The men's basketball tournament at the 2015 Pan American Games was held in Toronto, Canada at the Ryerson Athletic Centre from July 21 to 25.

For these Games, the men competed in an 8-team tournament. The teams were grouped into two pools of four teams each for a round-robin preliminary round. The top two teams in each group will advance to a single elimination bracket.

Puerto Rico are the defending champions from the 2011 Pan American Games in Guadalajara, defeating Mexico, 74–72 in the final.
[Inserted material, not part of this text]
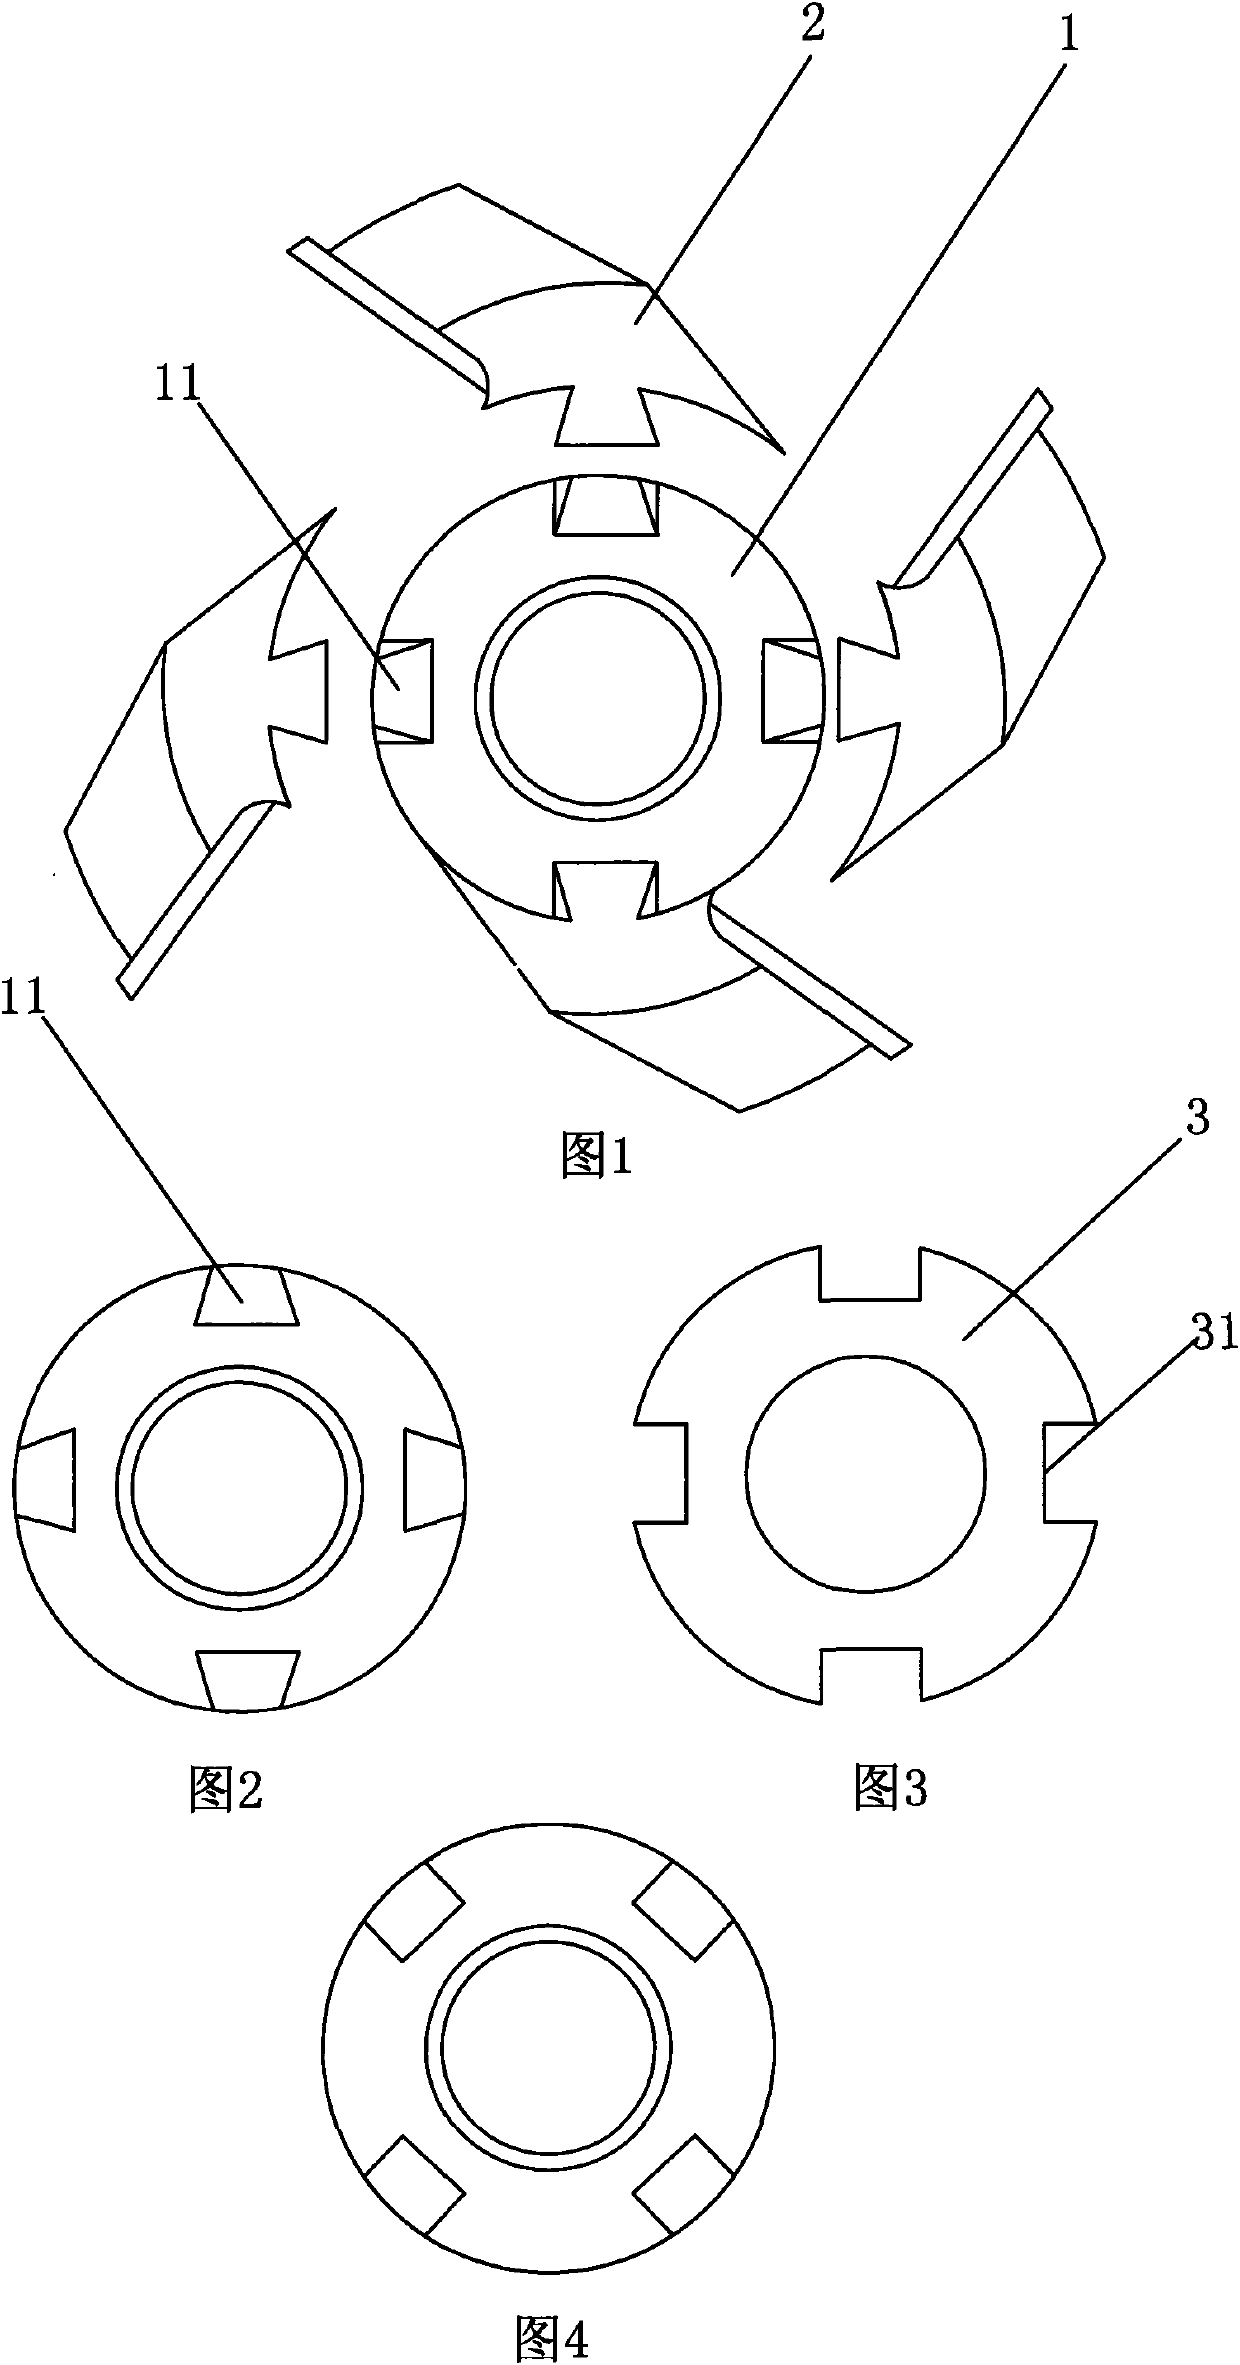 Improved structure of combined type plane cutter

The official detailed schedule for the tournament was announced on February 5, 2015.

Qualification
A total of eight men's teams qualified to compete at the games. The top three teams at the South American and Central American and Caribbean Championships will qualify for each respective tournament. The host nation (Canada) along with the United States automatically qualified a teams for the event.

Summary

Draw
Pots one through three were based on the each teams finish at their respective qualification tournament. Pot 1 consisted of the champions, pot 2 the runners-up and pot 3 contained the third placed teas. Pot 4 contained the host nation, Canada and the United States. Teams were placed into groups using a random draw (with each group receiving one team per pot). The draw was held in San Juan, Puerto Rico on December 16, 2014. Canada as host nation were able to select their group after the first three pots were drawn. This automatically placed the United States into the group Canada did not select.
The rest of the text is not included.